Charles Dickens remarks in his celebrated novel Oliver Twist:
“A strain of gentle music, or the rippling of water in a silent place, or the odour of a flower, or the mention of a familiar word, will sometimes call up sudden dim remembrances of scenes that never were, in this life; which vanish like a breath; which some brief memory of a happier existence, long gone by, would seem to have awakened; which no voluntary exertion of the mind can ever recall.”
This is a direct explanation of Kālidāsa's verse[3].
We can have a look at yet another example that is in tune with Kālidāsa's observation: In the fifth act of Shakespeare’s Merchant of Venice, when Lorenzo lapses into an appreciation about music, Jessica says, “I am never merry when I hear sweet music.”
It is clear that while the depression caused by indulging in worldly affairs pains a person, the melancholy caused by involving in art does not bring about any pain. On the contrary, it creates a feeling of contentment; a state, albeit temporary, of being free from desires— tṛṣṇākṣaya-sukha. Is this not fascinating?

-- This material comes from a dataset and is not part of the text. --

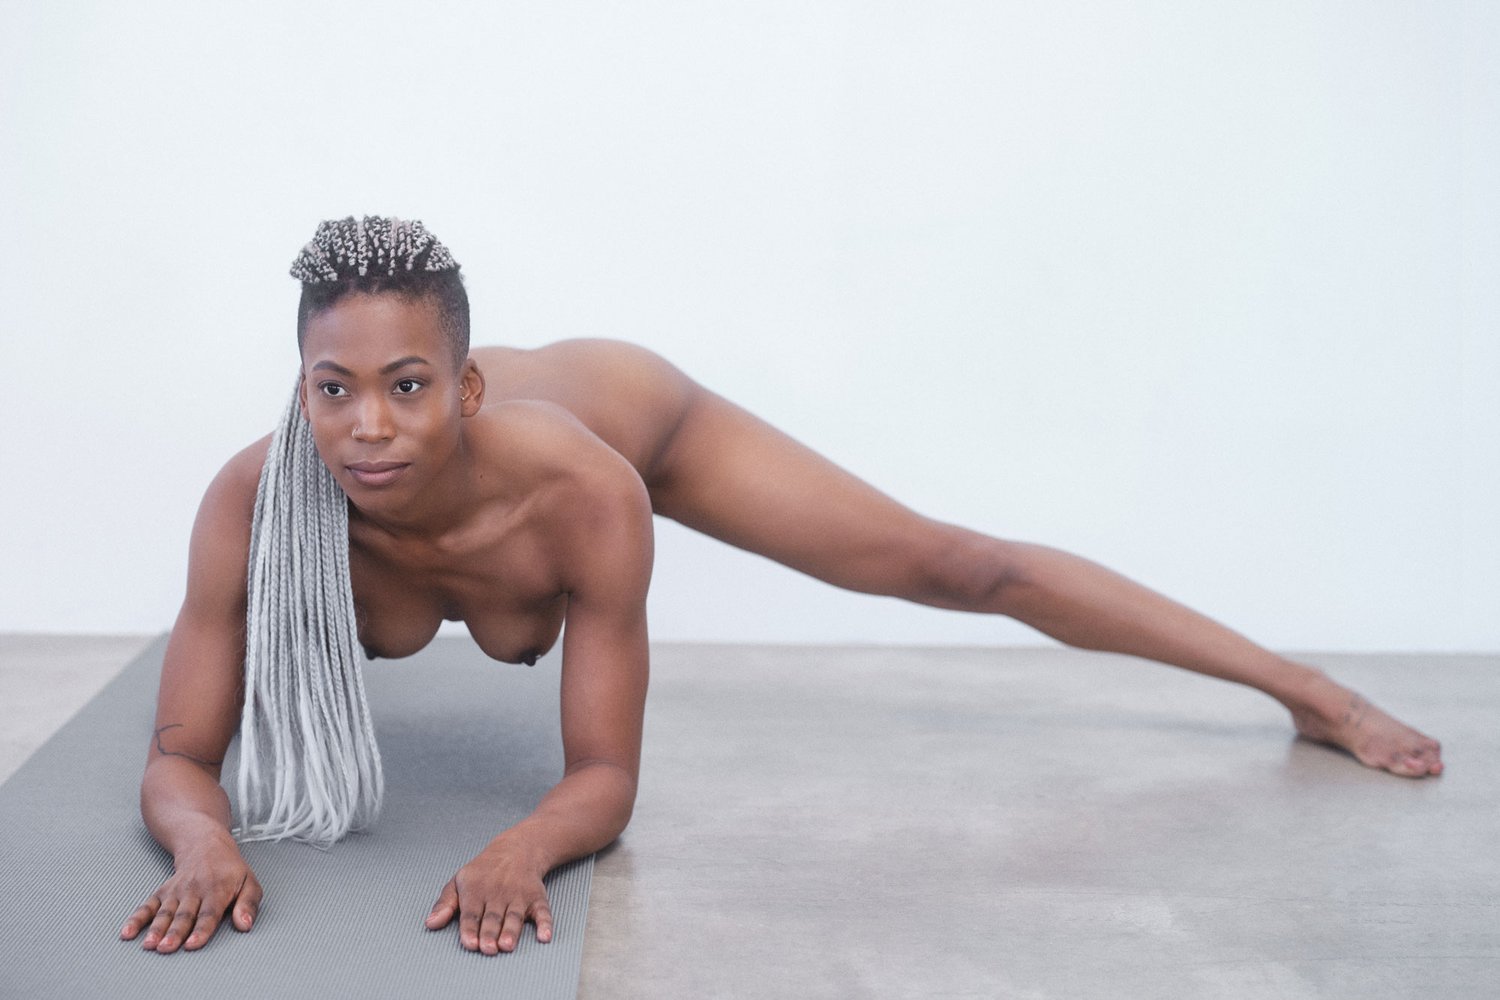 david pinon share naked chicks doing yoga photos

This is perhaps why Abhinavagupta, while explaining the seminal rasa-sūtra in Bharata's Nāṭyaśāstra, cites the aforementioned verse and makes it a point to clarify the meaning of the word ‘smarati’ used in it. According to him, its meaning should not be restricted to ‘memory’ as the tārkikas explain. Because, he says, it actually means a revelation—rasa itself revealed through a flash, pratibhāna, at a moment of incisive insight. During this process, therefore, likes and dislikes dissolve and pure, non-qualified enjoyment remains as experience. This experience is neither worldly (laukika) nor delusional (mithyā). To put it in a nutshell, worldly depression is invariably associated with self-interest; it therefore causes anguish. Melancholy associated with art, on the other hand, is meta-worldly, alaukika. Since self-interest has no bearing at this level, it does not cause pain, but instead brings about serenity of the mind, citta-viśrānti.
Footnotes
[1] In Sanskrit, muṇḍa means head and ruṇḍa refers to the body minus the head. Of late, it has become quite common in Kannada to use these two words in wrong contexts, one in place of the other. Hence this clarification.
[2] Kuvempu uses this aspect beautifully in his epic-poem Śrirāmāyaṇadarśanam.
[3] There is ample evidence to the support of the fact that Kālidāsa's works were popular in England even during Charles Dickens’ time.